Ousting dictators doesn’t come cheap. Between 2011 and 2015 the total lost economic output in Egypt, Libya and Tunisia is expected to amount to $225 billion. That is at least 10 percent of the cumulative GDP estimated by the International Monetary Fund in 2010 for those five years. The Reuters Breakingviews calculation of the loss for those countries is based on 2012 forecasts.

The estimates, both old and new, are imperfect. It’s also tricky to isolate the impact of the Arab uprisings from the effects of rising commodity prices and a slow global economy. Still, the numbers are plausible. In relatively stable oil importer Morocco, where the Arab Spring has prompted tentative reforms, the cumulative GDP cut is a minimal 1 percent. For Jordan, where the regime is widely identified by analysts as the next most likely in the region to topple, the gap in cumulative expected GDP is 8 percent.

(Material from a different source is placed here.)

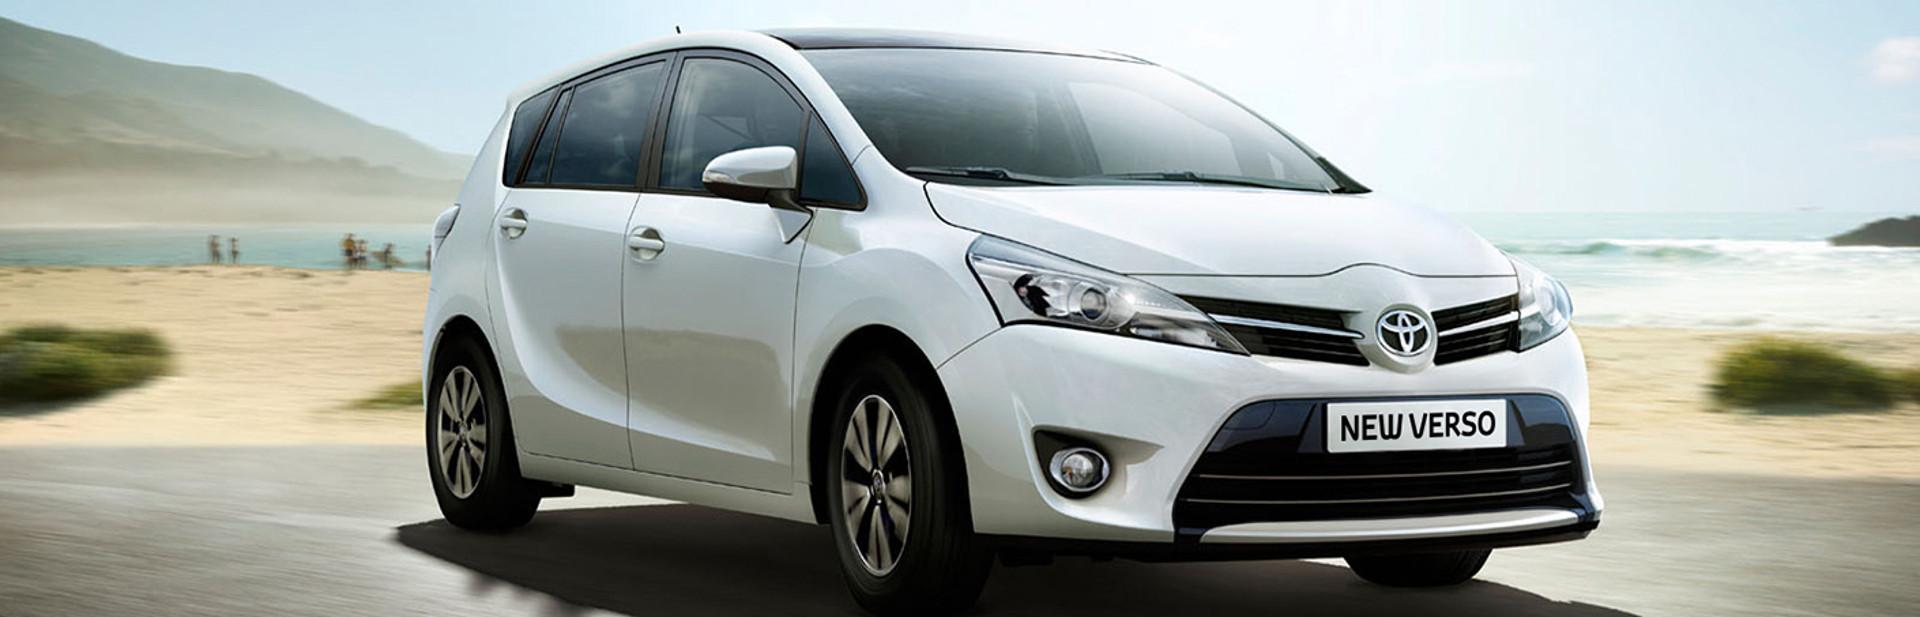 Toyota Verso Cab Direct 2015 Interior
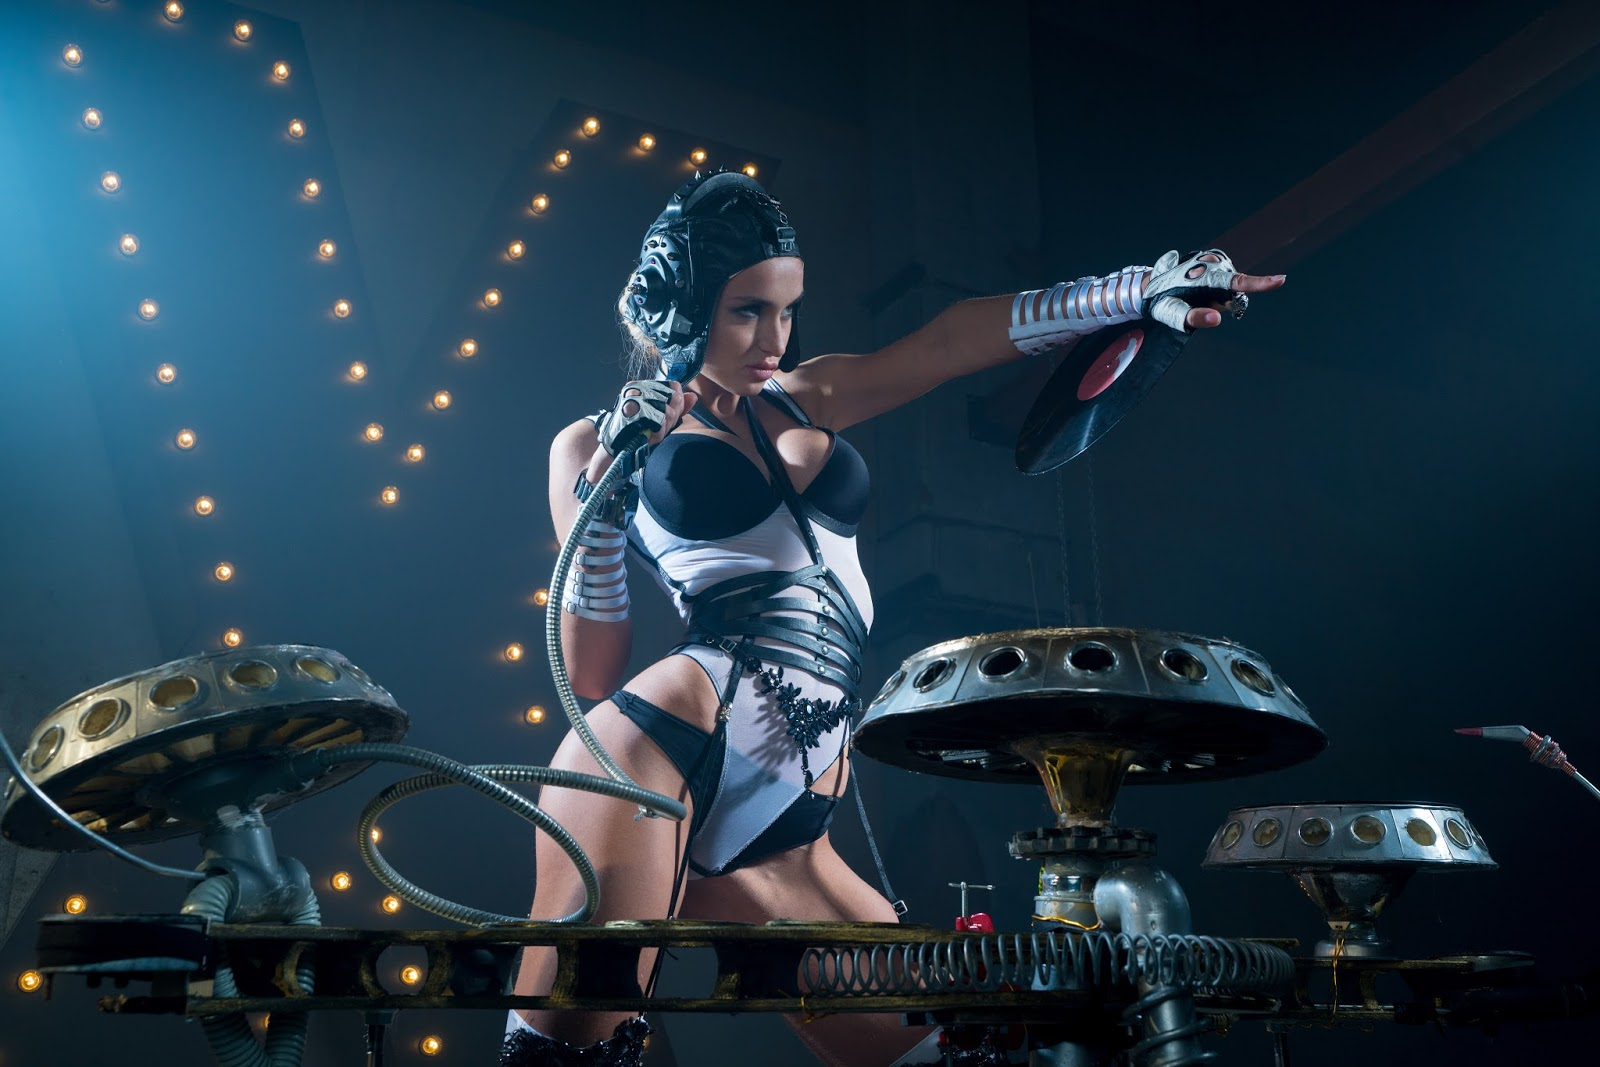 New woman sex dj female singer gogo hip hop jazz dance costume suit

While the importance of economic issues in the Arab Spring is disputed, financial frustrations certainly fanned discontent. From that perspective, the revolutions still have years, or perhaps decades, to go before they improve absolute living standards as political instability has reduced medium-term growth prospects.

One hope is that the growth setbacks will be mitigated by a more even distribution of the wealth that is created. Egypt, Libya and Tunisia each previously enjoyed relatively high GDP growth but a disproportionate share of the riches were captured by too few. Another, greater hope is that better governance will eventually make the Arab Spring nations more productive and deliver a “democratic-dividend”.

The worry is that untested governments will struggle to find their way. In Libya, powerful militia groups need to be reined in. Tunisia’s Islamist government must find a consensus between conservatives and liberals. And Egypt’s Muslim Brotherhood, currently facing a currency crisis, will struggle to recover without implementing initially unpopular economic reforms. In the meantime, the high economic expectations of the Arab uprisings will not be met.